DATA SEGMENT:
========

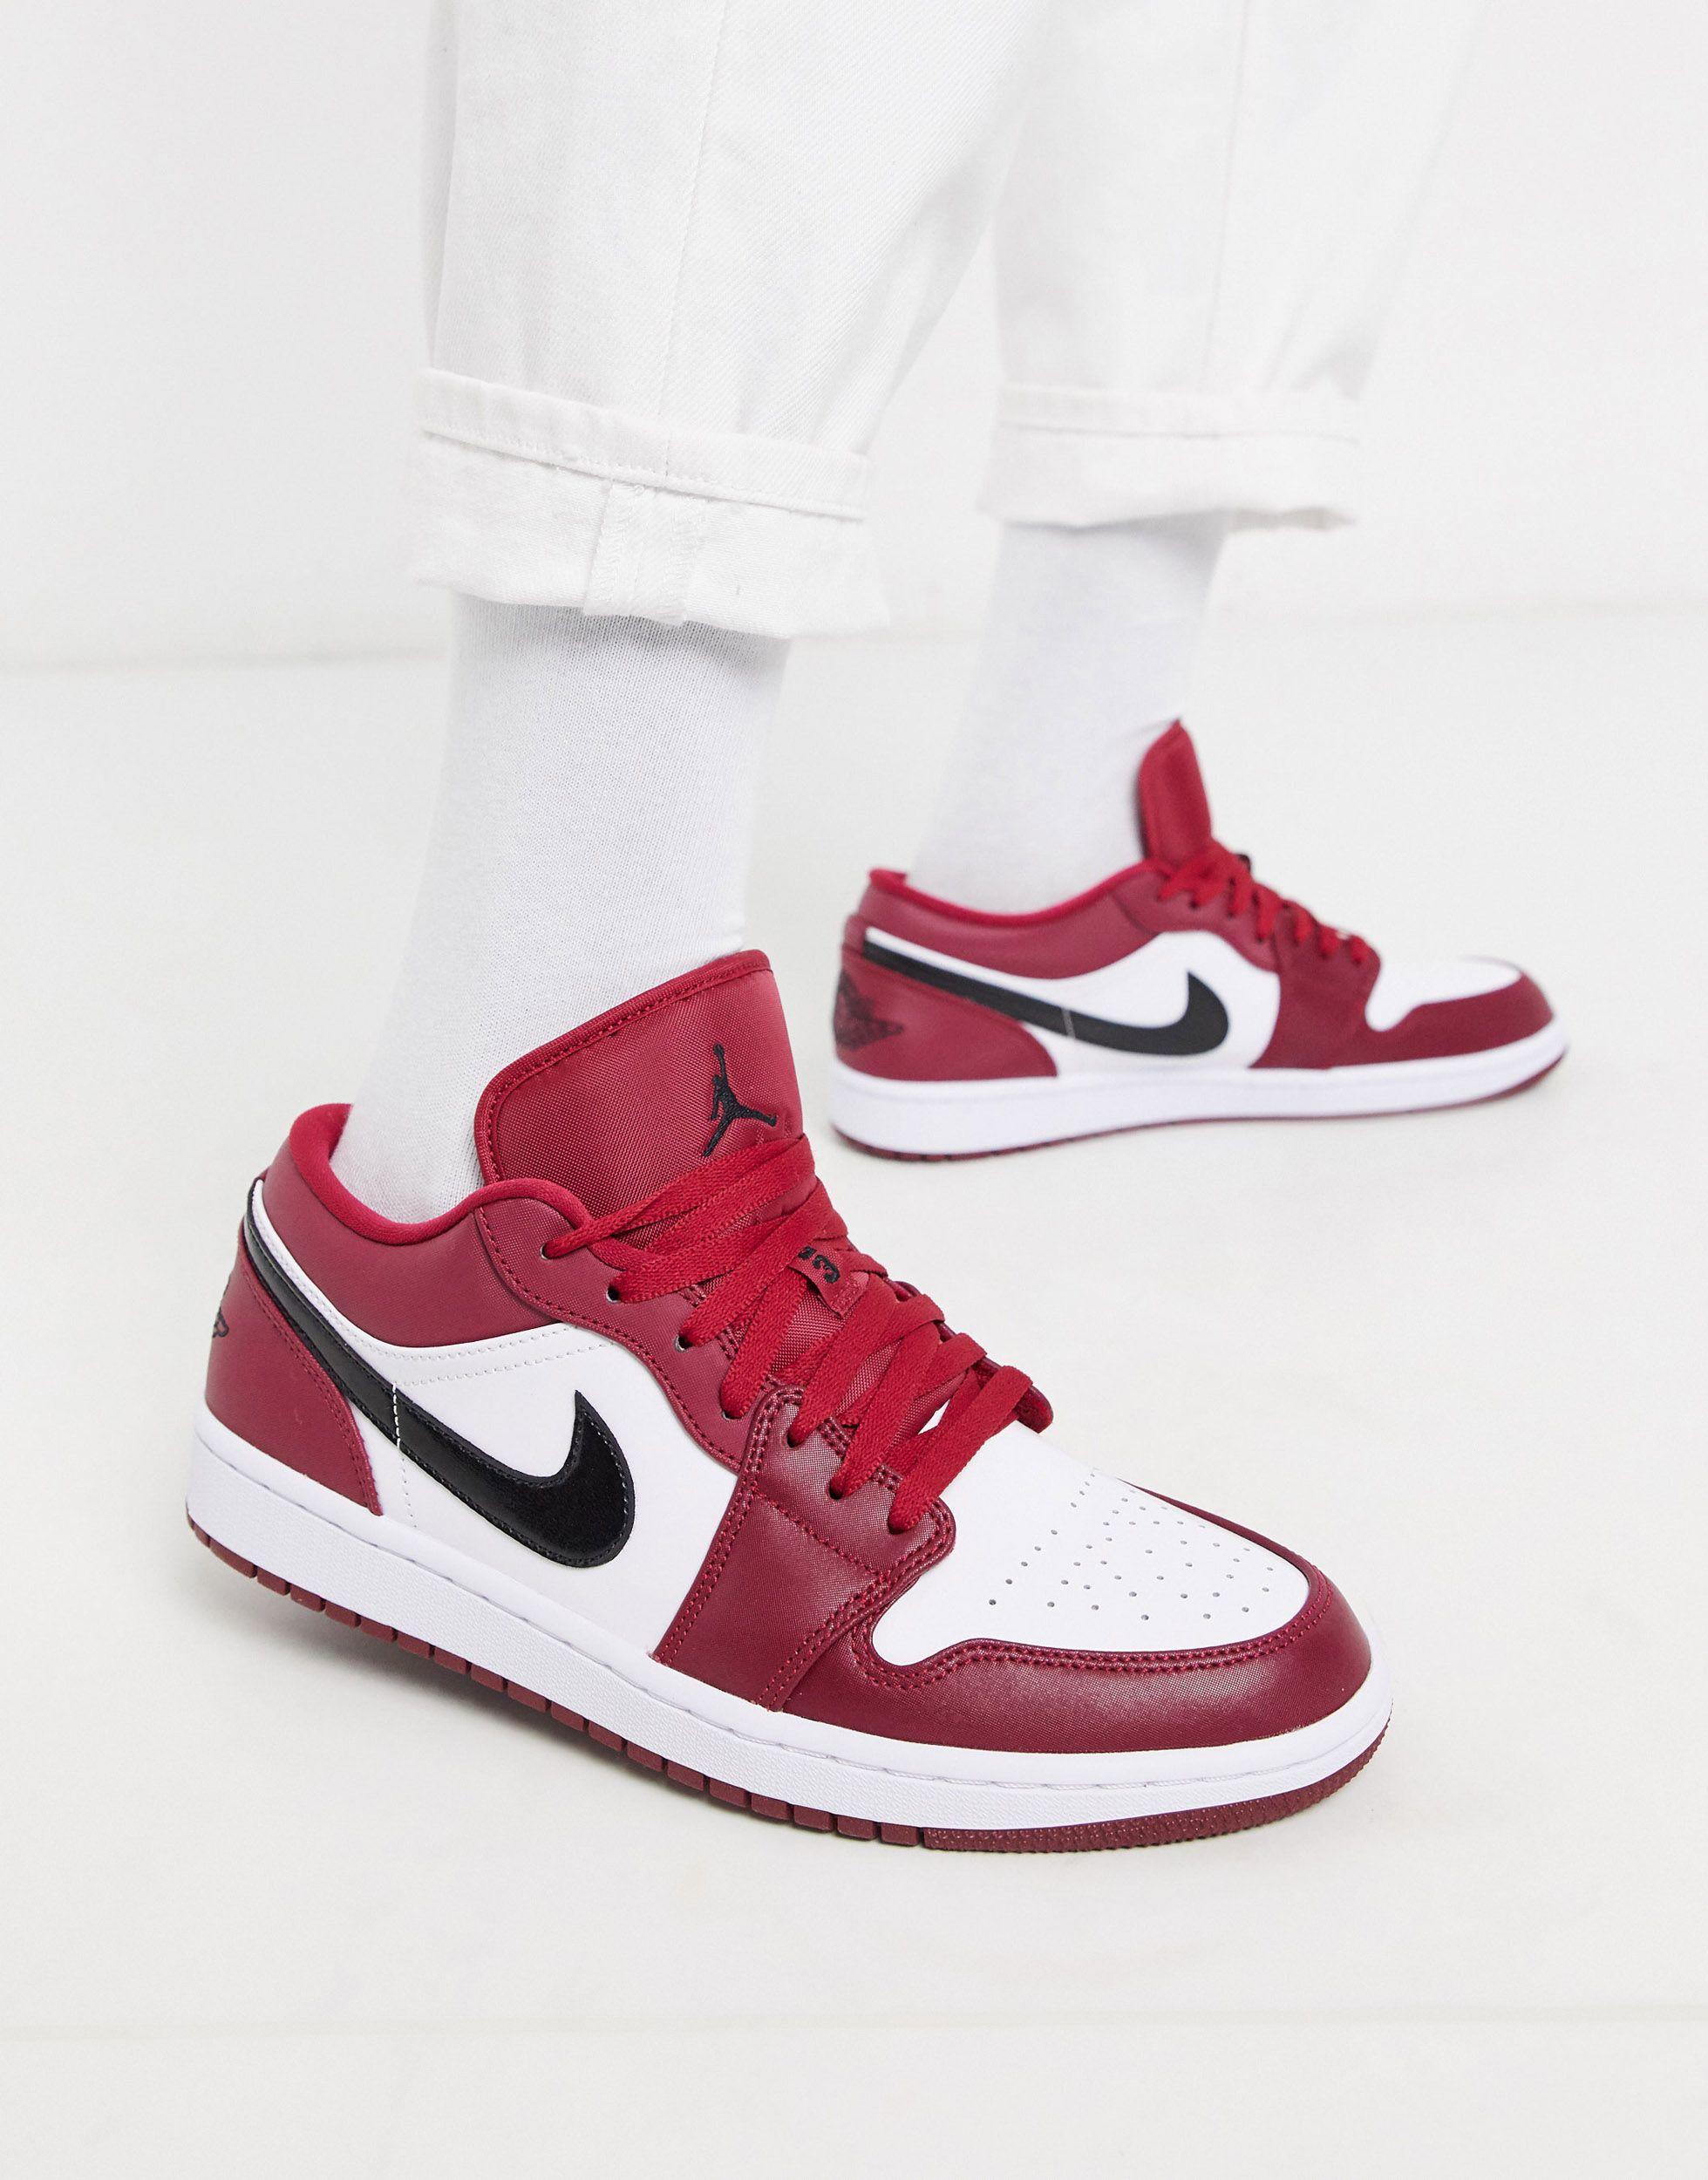 Nike - Air 1 - Sneakers basse rosseNike in Pelle da Uomo colore Rosso - 90%  di sconto | Lyst
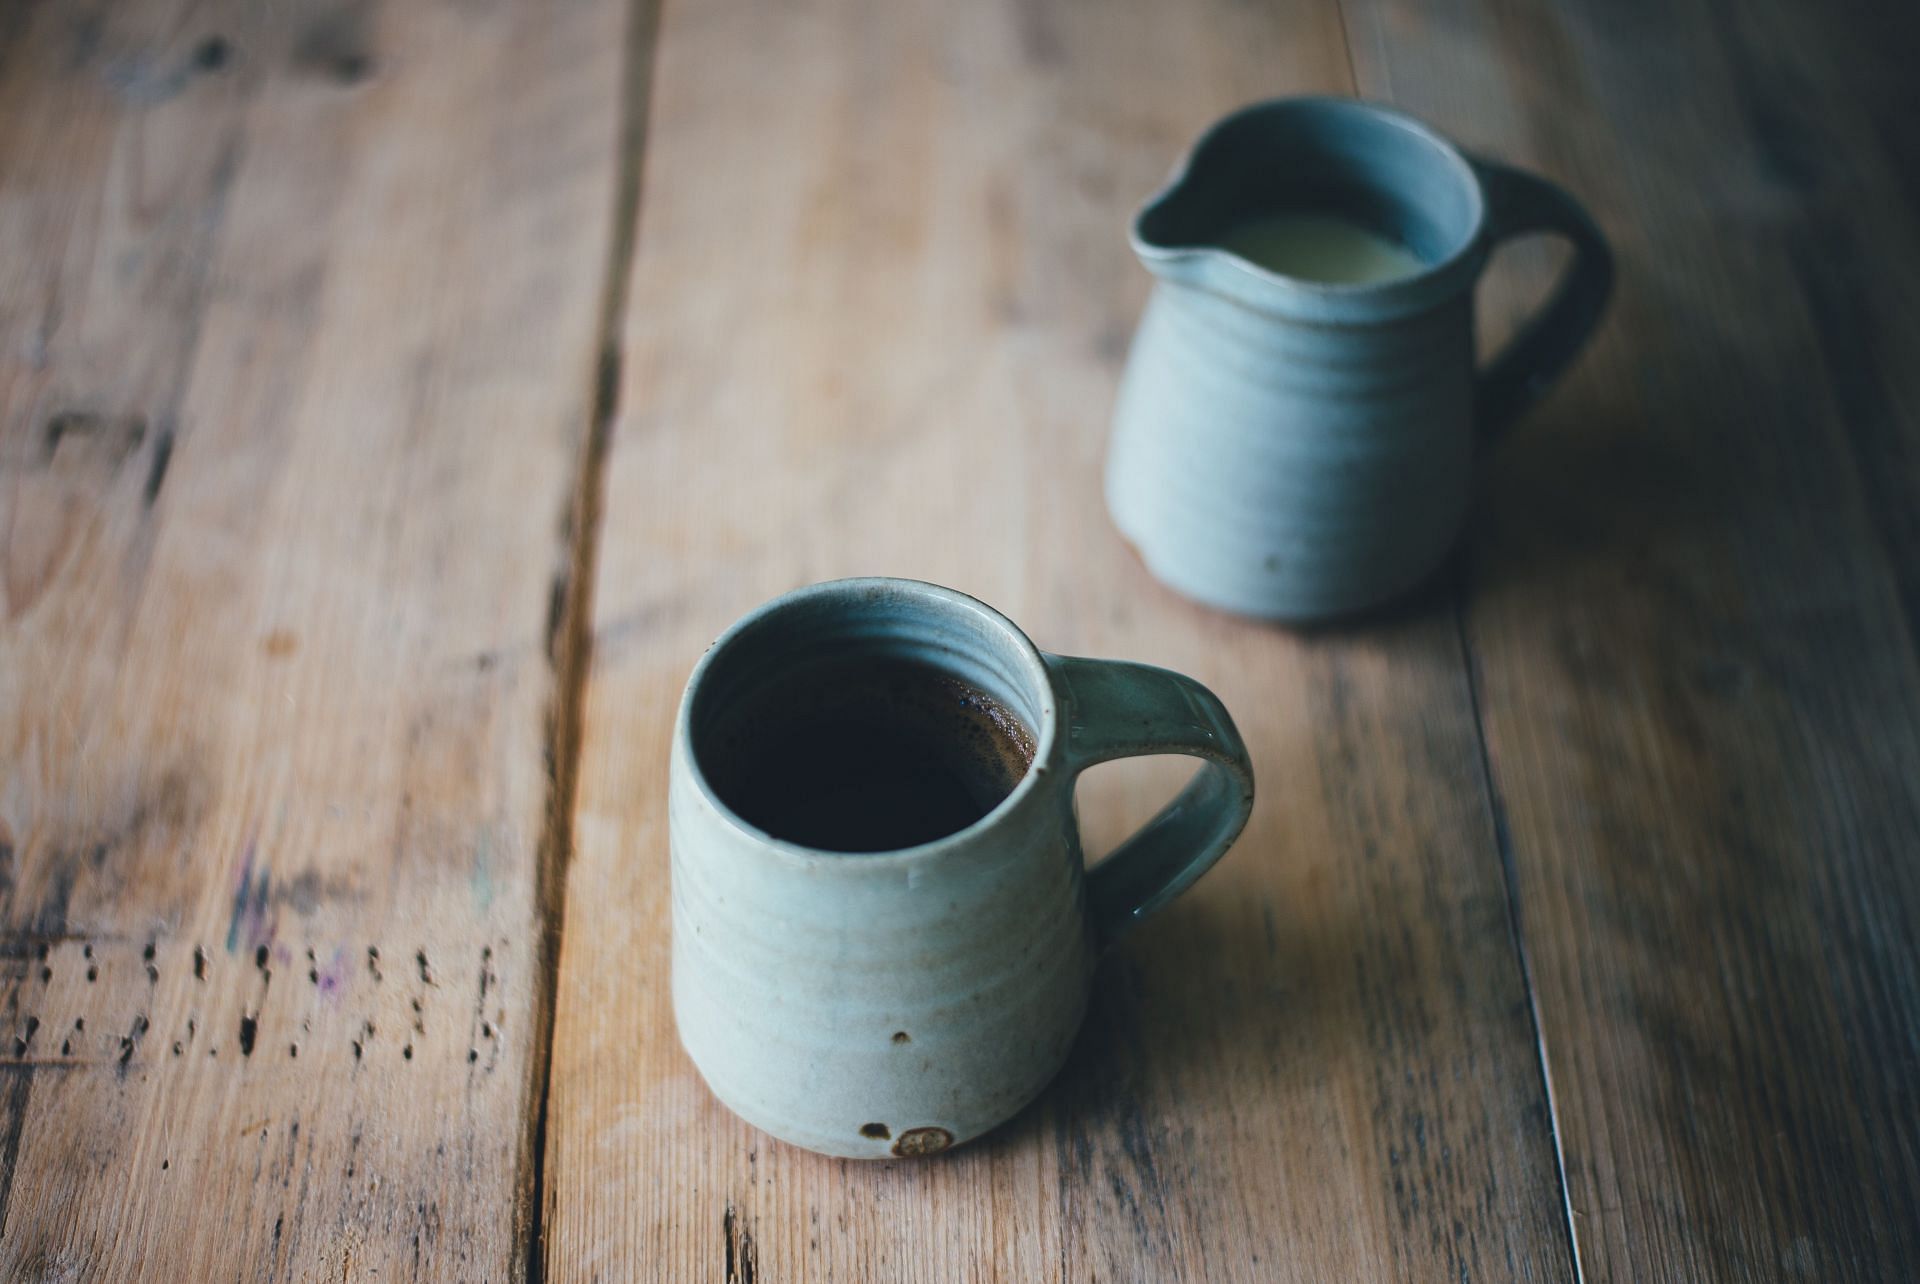 Yerba mate tea improves heart health (Image via Unsplash/Annie Spratt)
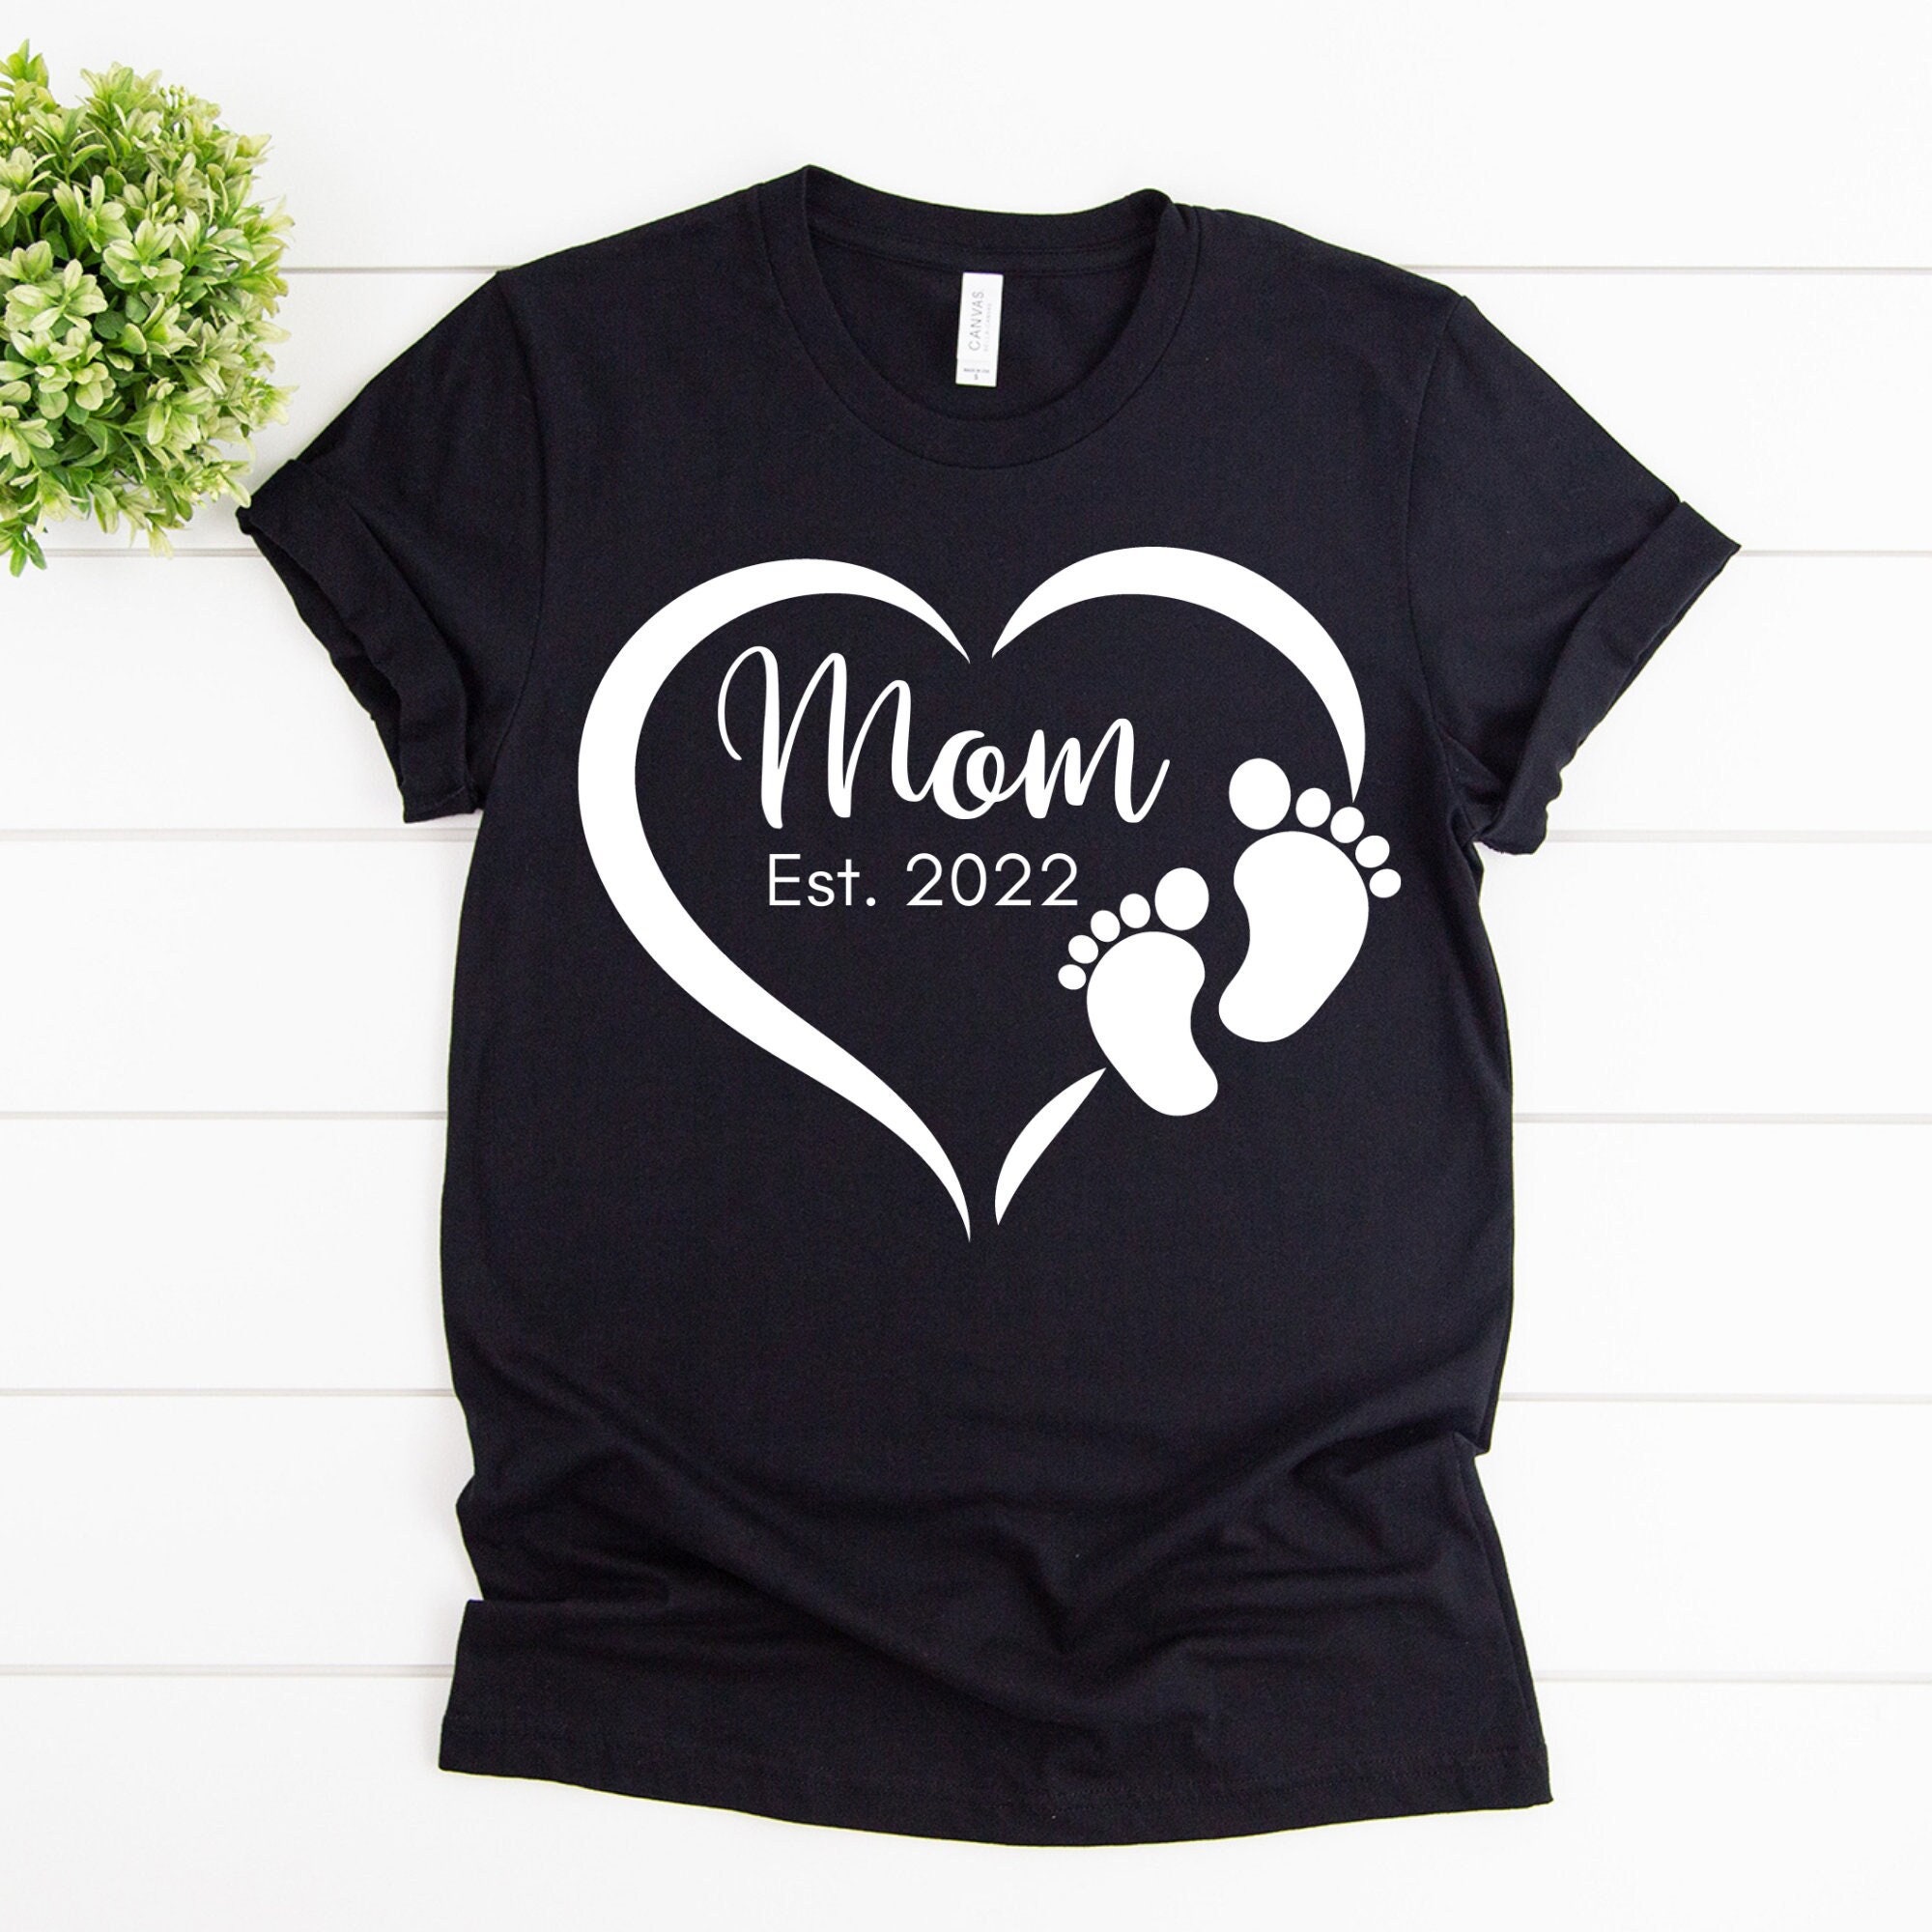 Mom Est. 2022 Shirt Mom Shirt Cute Mom Shirt Gift For Mom | Etsy

========

Copy every line of the data exactly as written, excluding the pictures.

 Nike - Air 1 - Sneakers basse rosseNike in Pelle da Uomo colore Rosso - 90%  di sconto | Lyst
 Yerba mate tea improves heart health (Image via Unsplash/Annie Spratt)
 Mom Est. 2022 Shirt Mom Shirt Cute Mom Shirt Gift For Mom | Etsy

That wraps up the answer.